A los 6 años, el hijo de Heliostatic alcanzó su mejor triunfo de la mano de una generosidad competitiva soñada

Lo único que le faltaba a la campaña de un caballo bárbaro como Hole In One era ganar un G1. Era el dato del moñito, la frutilla de la torta, y este sábado logró llenar todos los casilleros despachándose con una labor estupenda y que le permitió ganar el Gran Premio San Isidro (G1-1600 m, césped), una de las grandes carreras de la media distancia cada temporada en Argentina.

Como Pinball Wizard (Orpen), capaz de correr bien en diferentes superficies, trazados y distancias, el hijo de Heliostatic va redondeando un 2020 increíble más allá de la pandemia. Lo abrió ganando el Clásico Uruguay en La Plata, luego llegó tercero en el América (G2), volvió con una victoria en el Clásico New Dandy de Palermo y ahora se alzó con el San Isidro. Intratable.

A los 6 años, en la madurez, el caballo del Stud Tramo 20 dio otra muestra de su rusticidad siendo protagonista desde el salto, ubicándose a las patas de El Consorte (Grand Reward), que buscaba ser el segundo en la historia en ganar tan importante turno en años consecutivos, como Mangangá (Gulf Stream) en los ‘50.

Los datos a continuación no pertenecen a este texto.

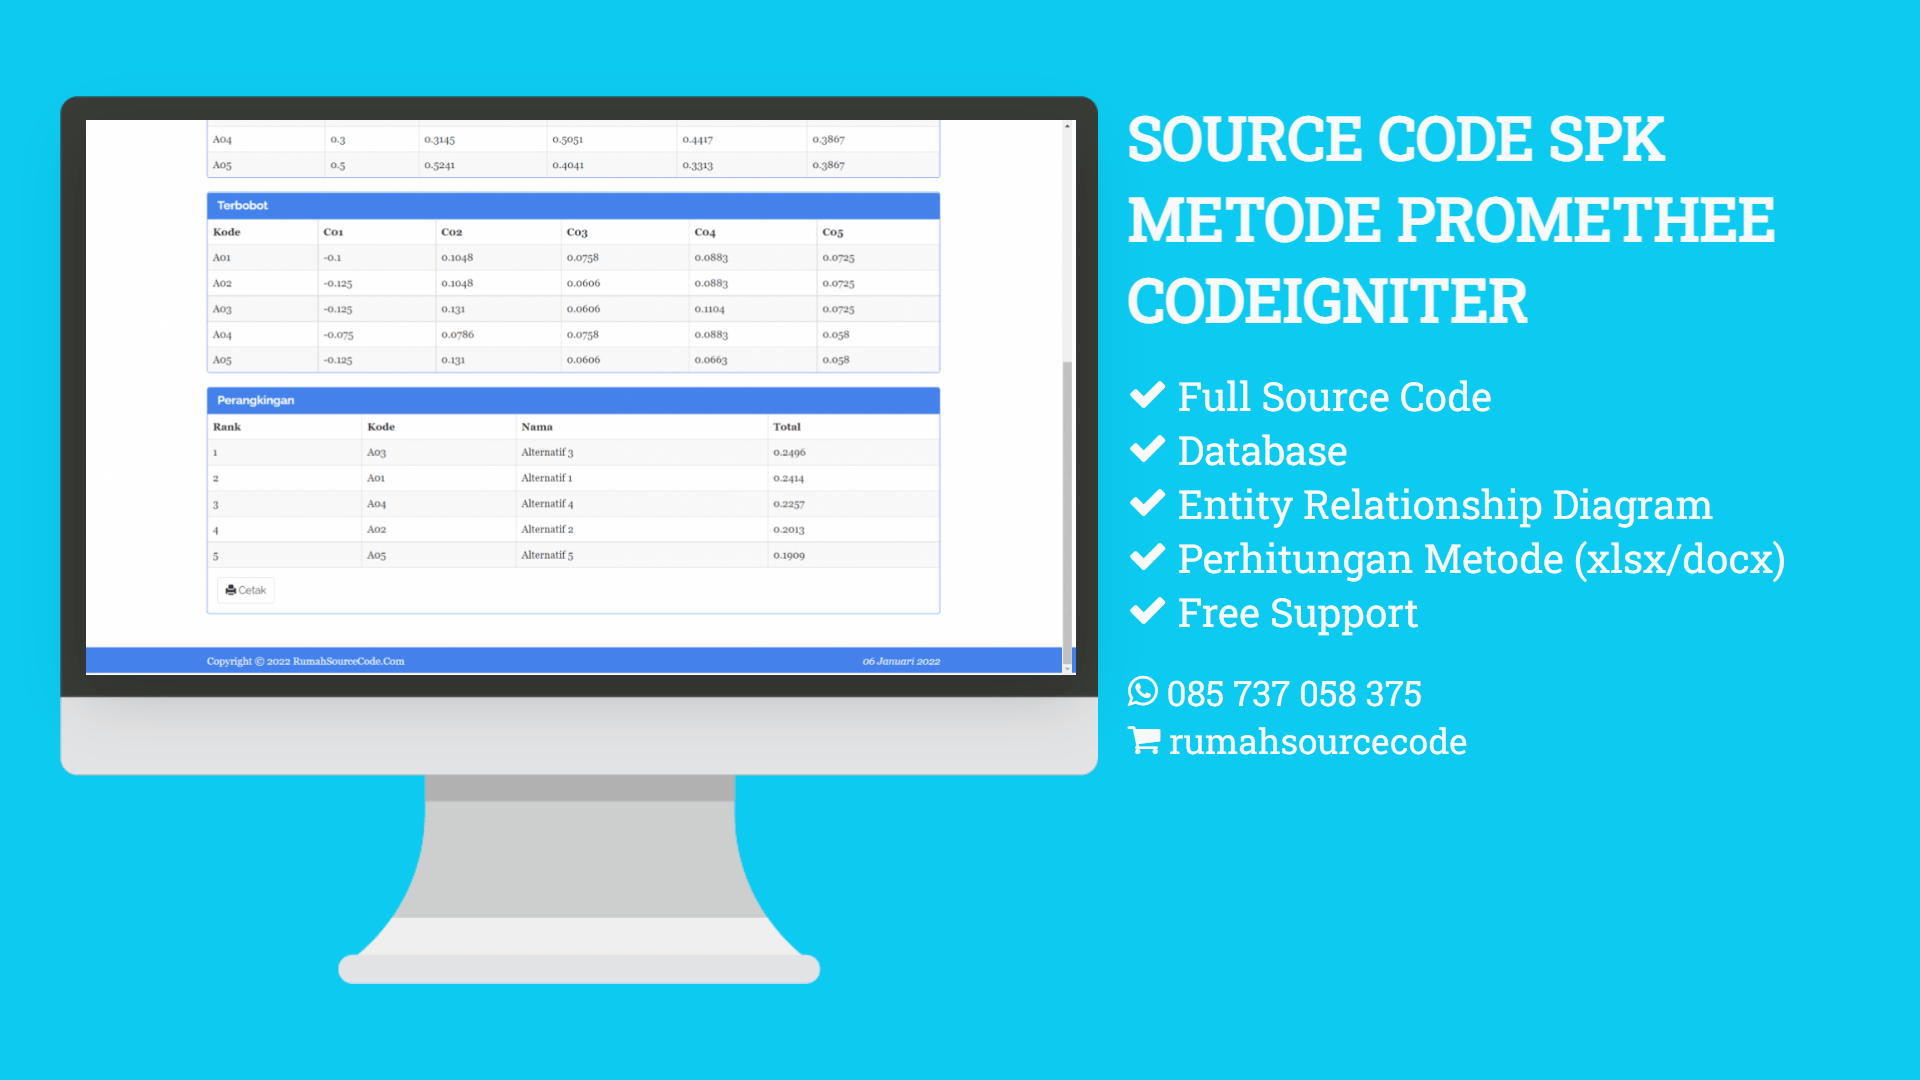 Source Code SPK Metode PROMETHEE CodeIgniter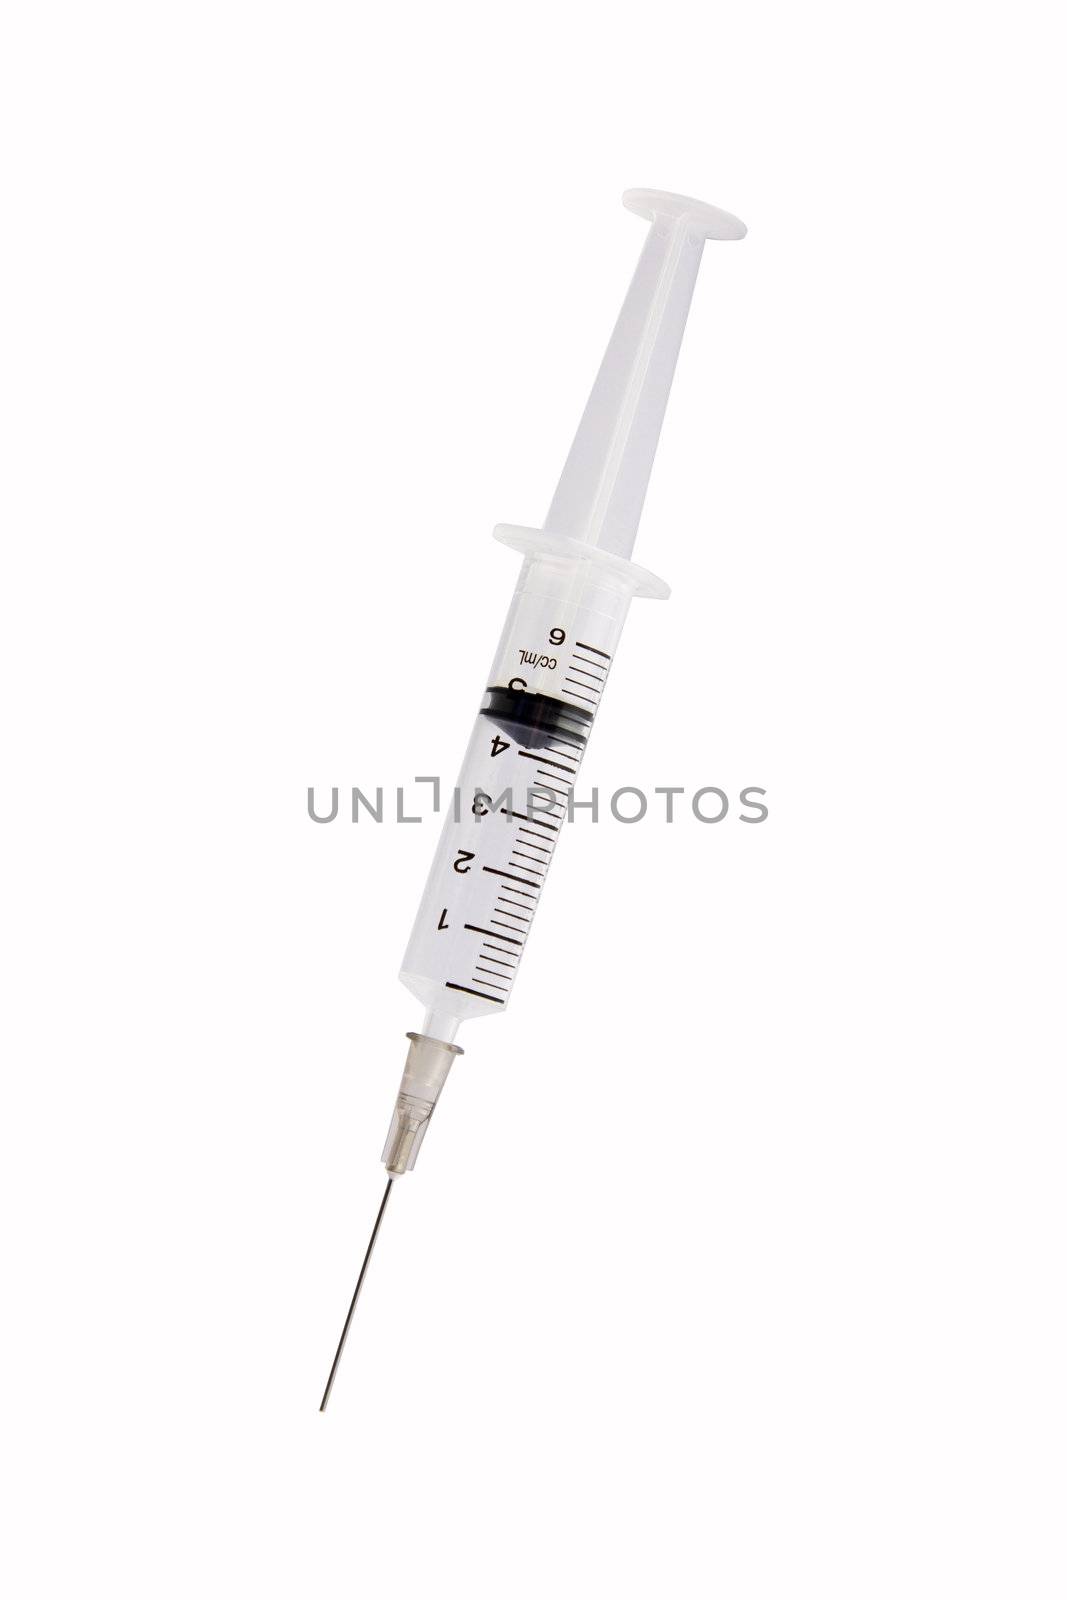 Syringe with needle by Jaykayl

Es dura la vida del puntero y, sin tantas libertades, la cosa se le complicó al líder. Rápido en la recta empezaron los problemas, cuando no sacó ventajas; y pronto tuvo a la par a Nacho Surge (Storm Surge) por fuera y a Hole In One en el medio, después de intentar pasar por dentro sin suerte.

Hubo lucha algunos metros, hasta que en los 150 el ganador sacó ventajas que en el disco estiraría hasta 3/4 de cuerpo sobre Nacho Surge. Atropellando, Chemin du Ciel (Equal Stripes) se coló tercero, bajando del podio en los tramos finales a El Consorte, todo tras 1m34s38/100.

No puede pasarse por alto en el excelente y permanente nivel de Hole In One el trabajo que en su preparación viene cumpliendo hace tiempo Gustavo Romero, el hombre que se hizo a la par del entrañable Ernesto, su padre, y que cada día que pasa reafirma todo lo mucho que sabe del oficio. También Juan Cruz Villagra desde sus riendas pone lo suyo, conociéndolo a la perfección, sabiendo qué y hasta donde puede dar; su tarde terminó con doblete de G1, dato fuerte para describir la actualidad del jockey.

Hole In One tocó el cielo con las manos. Era lo único que le faltaba para redondear una campaña soñada, plena de buenos momentos. Este sábado en San Isidro vivió el mejor de todos ellos. Y estuvo más que bien.